Thrombus formation on LAA occlusion devices was relatively frequent and was strongly associated with a higher risk of ischemic stroke on follow-up.

[www.acc.org]

edit: I thought of a conservative approach...give it at least CHAD score of 1 until there is strong long-term evidence to support no increase risk.



Edited 1 time(s). Last edit at 07/01/2018 03:03PM by jpeters.
Re: ENDOSCOPY.
July 01, 2018 04:11PM
Quote
jpeters
Conclusions:

Thrombus formation on LAA occlusion devices was relatively frequent and was strongly associated with a higher risk of ischemic stroke on follow-up.

Yes, I've seen that study. Many of the patients received no anticoagulants or antiplatelet therapy, which explains the high incidence of device thrombus. These devices were, in fact, developed for people who can't tolerate anticoagulants, so they're at extremely high risk to begin with. It's a very different story for those who receive protective therapy:

Dual antiplatelet therapy (HR, 0.10; 95% CI, 0.01-0.76; p = 0.03) and oral anticoagulation at discharge (HR, 0.26; 95% CI, 0.09-0.77; p = 0.02) were protective with respect to the risk of device thrombosis.

TCAI follows a protocol of oral anticoagulant plus dual antiplatelet therapy for 45 days, with the antiplatelet therapy continuing for six months, so they don't see those problems.

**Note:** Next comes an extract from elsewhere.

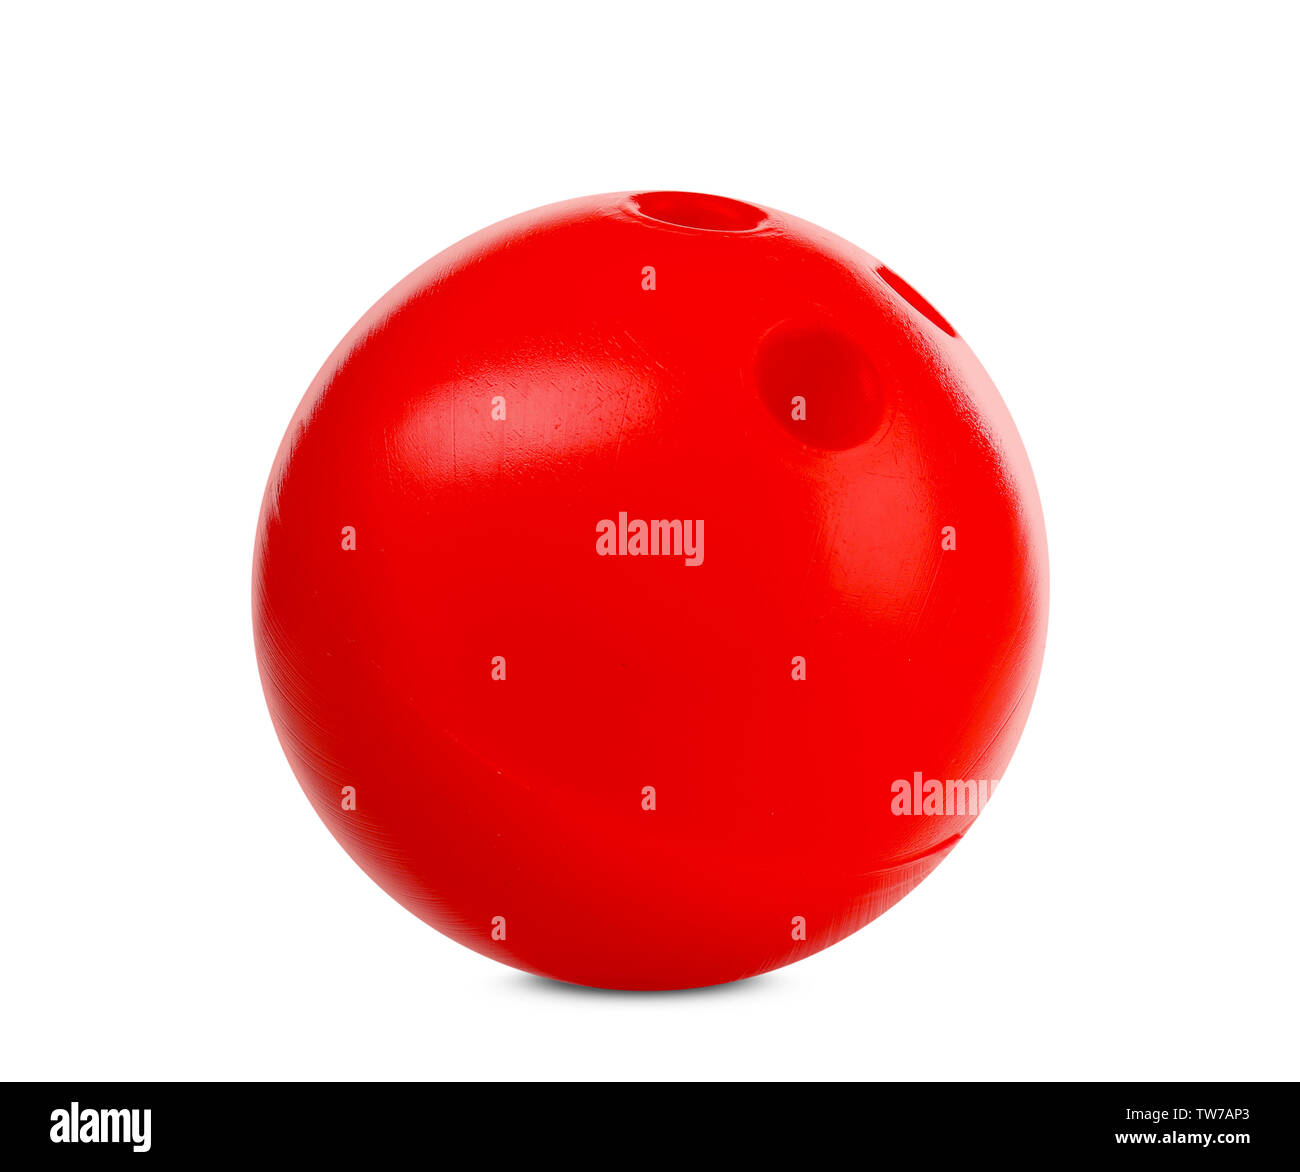 Toy bowling ball on white background Stock Photo

The 45 day period was chosen because that's how long it takes for your heart to endothealize over the device, which eliminates the device thrombus risk. The antiplatelet therapy is continued for six months out of an abundance of caution.
Re: ENDOSCOPY.
July 01, 2018 06:07PM
Quote
Carey

The 45 day period was chosen because that's how long it takes for your heart to endothealize over the device, which eliminates the device thrombus risk. The antiplatelet therapy is continued for six months out of an abundance of caution.

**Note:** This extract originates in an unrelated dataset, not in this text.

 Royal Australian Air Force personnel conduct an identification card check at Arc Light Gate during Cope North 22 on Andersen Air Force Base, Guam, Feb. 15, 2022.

I'll be interested in comparisons following the six months. Be great if there is no increased risk when taken off all protective therapy.
Re: ENDOSCOPY.
July 02, 2018 12:25AM
Quote
jpeters
I'll be interested in comparisons following the six months. Be great if there is no increased risk when taken off all protective therapy.

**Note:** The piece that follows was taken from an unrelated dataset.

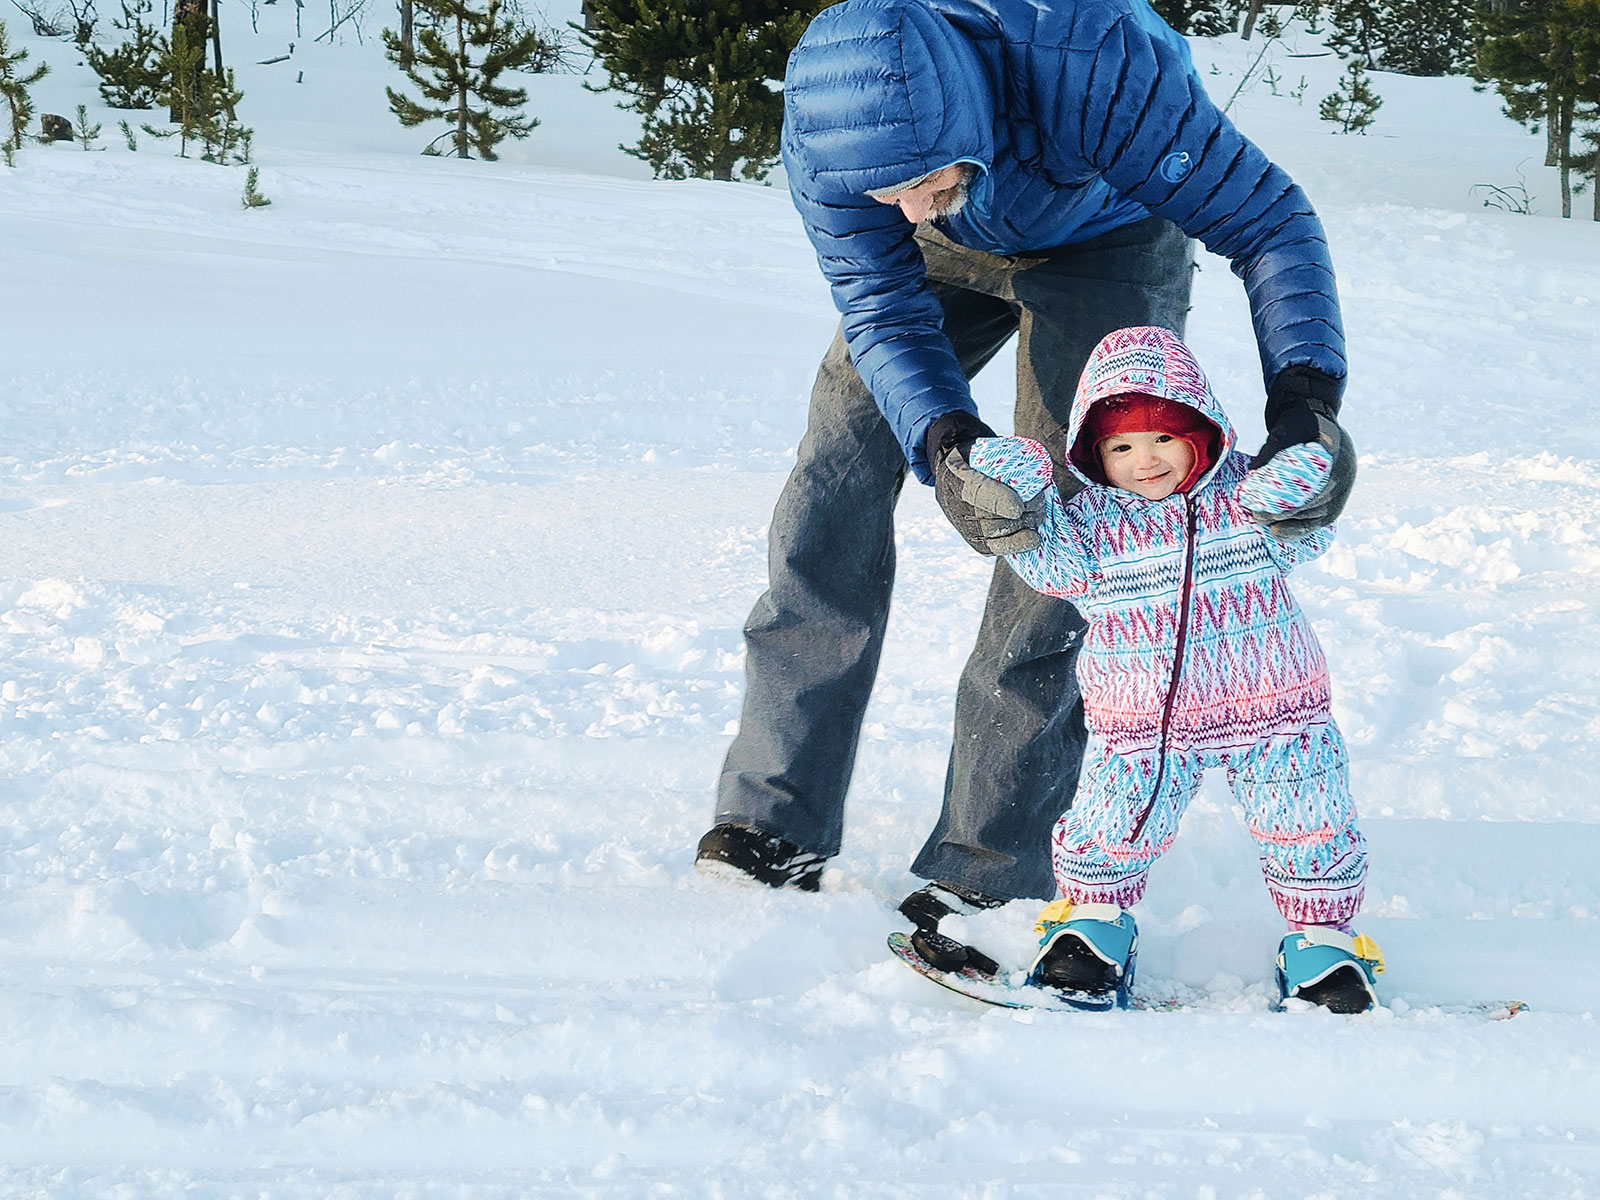 A dad helping his 1-year-old baby get used to gliding on a snowboard

The results are already out there. Never mind increased risk, stroke risk is decreased by over 90%.
Re: ENDOSCOPY.
July 02, 2018 11:51AM
Quote
Carey

stroke risk is decreased by over 90%.
90% better than being on an anti-coagulent? I'd be happy with no increased risk smiling smiley

Edit: Which might be hard, given other CHADS risks unrelated to AFIB that are now left unprotected.



Edited 1 time(s). Last edit at 07/02/2018 11:56AM by jpeters.
Re: ENDOSCOPY.
July 02, 2018 05:39PM
Quote
jpeters
90% better than being on an anti-coagulent? I'd be happy with no increased risk smiling smiley

No, that's overall, but it's still 40% superior to warfarin. Basically, it puts you into the same level of risk as people who've never had afib, and it frees you from anticoagulants and the risks they carry. In particular, if you have an isolated LAA it frees you from being tethered permanently to anticoagulants and the risks of missing even a single dose. That was the deciding factor for me. The odds of me never being injured or needing any sort of medical procedure that requires me to stop ACs is very low. I didn't want that hanging over my head. Plus there's the cycling thing. I live in hilly terrain and routinely descend hills at 40+ mph. If anything goes wrong at that kind of speed on a bike, you're going to get hurt.
Re: ENDOSCOPY.
July 02, 2018 06:06PM
Quote
Carey

If anything goes wrong at that kind of speed on a bike, you're going to get hurt.

Ha...Also if you live in a more urban area and someone decides to turn left while your in the intersection (Been there....).